Your instructions: Begin at the line containing "basketball jump lifestyle" in the data below and go on through the line containing "Vintage Brown Wool Pants, size EU40", repeating each line exactly; include both ends and no other line.

Source information:
━━━━━━━━━━━━━━━━
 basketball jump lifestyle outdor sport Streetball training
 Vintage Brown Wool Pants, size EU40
━━━━━━━━━━━━━━━━
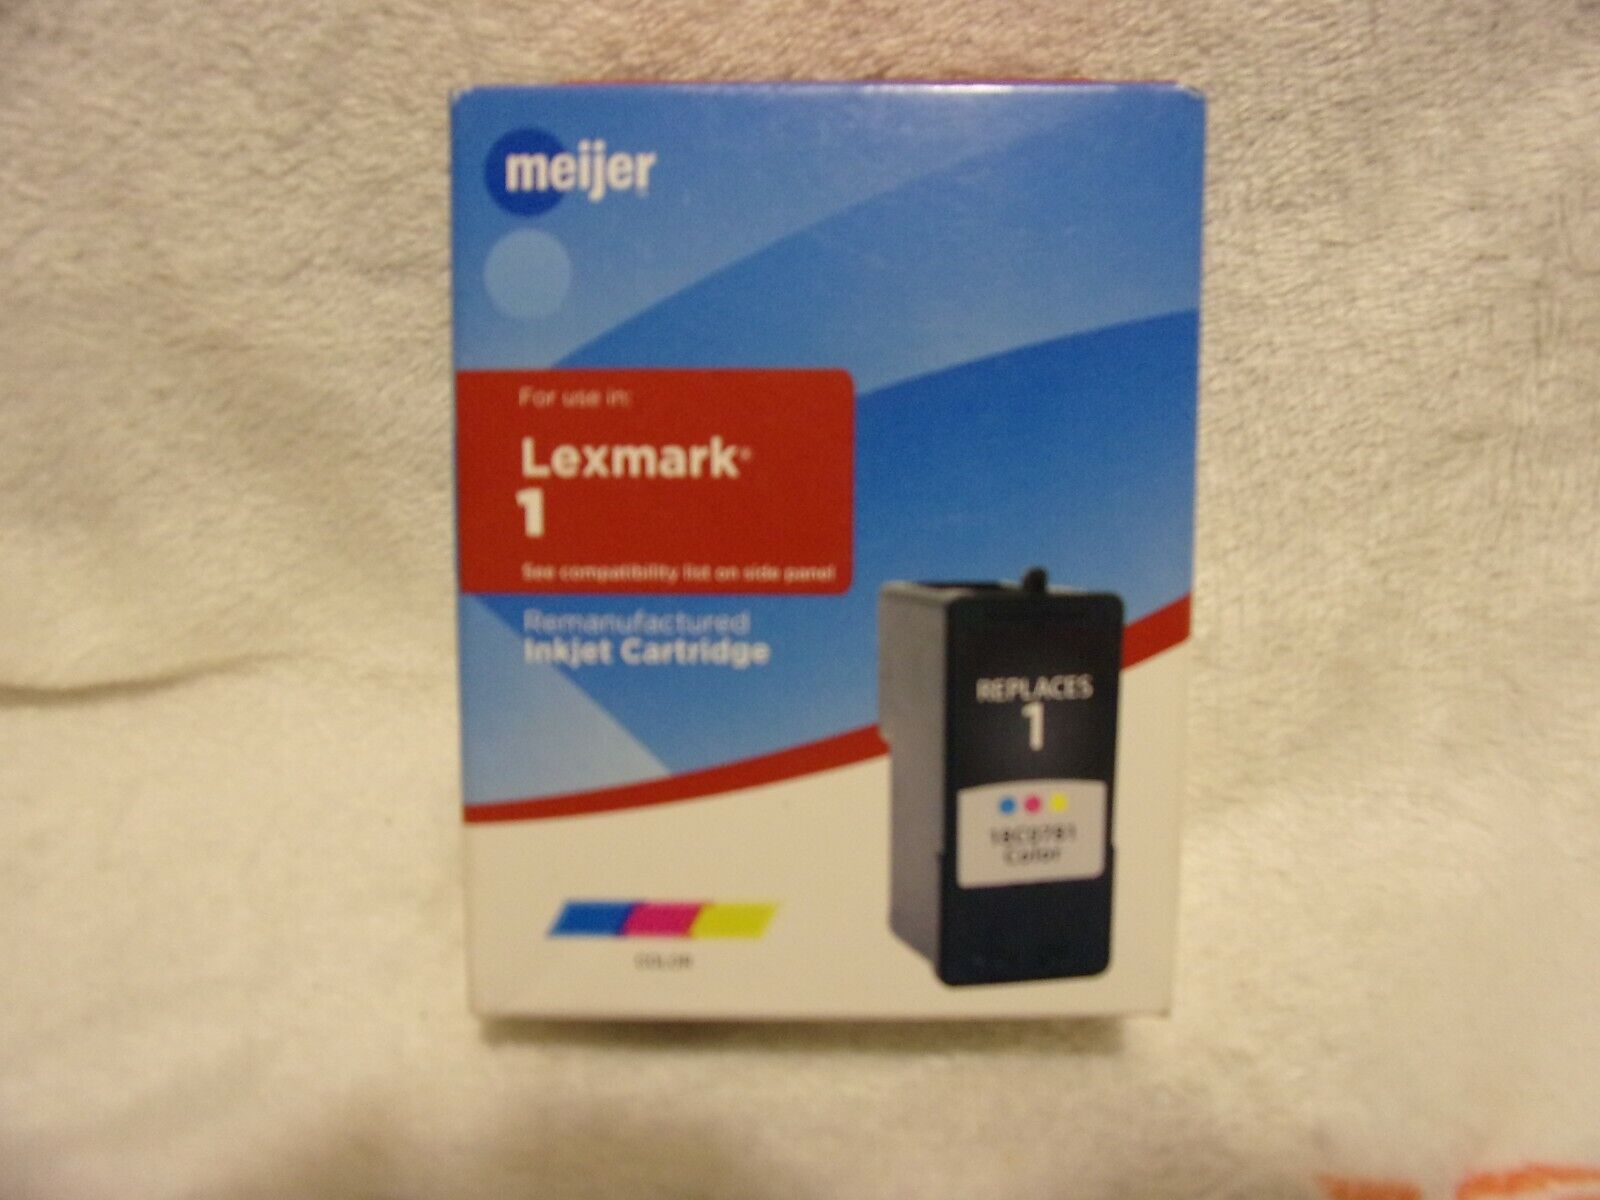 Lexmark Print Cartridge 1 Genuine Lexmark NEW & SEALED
━━━━━━━━━━━━━━━━
Exercise result:
 basketball jump lifestyle outdor sport Streetball training
 Vintage Brown Wool Pants, size EU40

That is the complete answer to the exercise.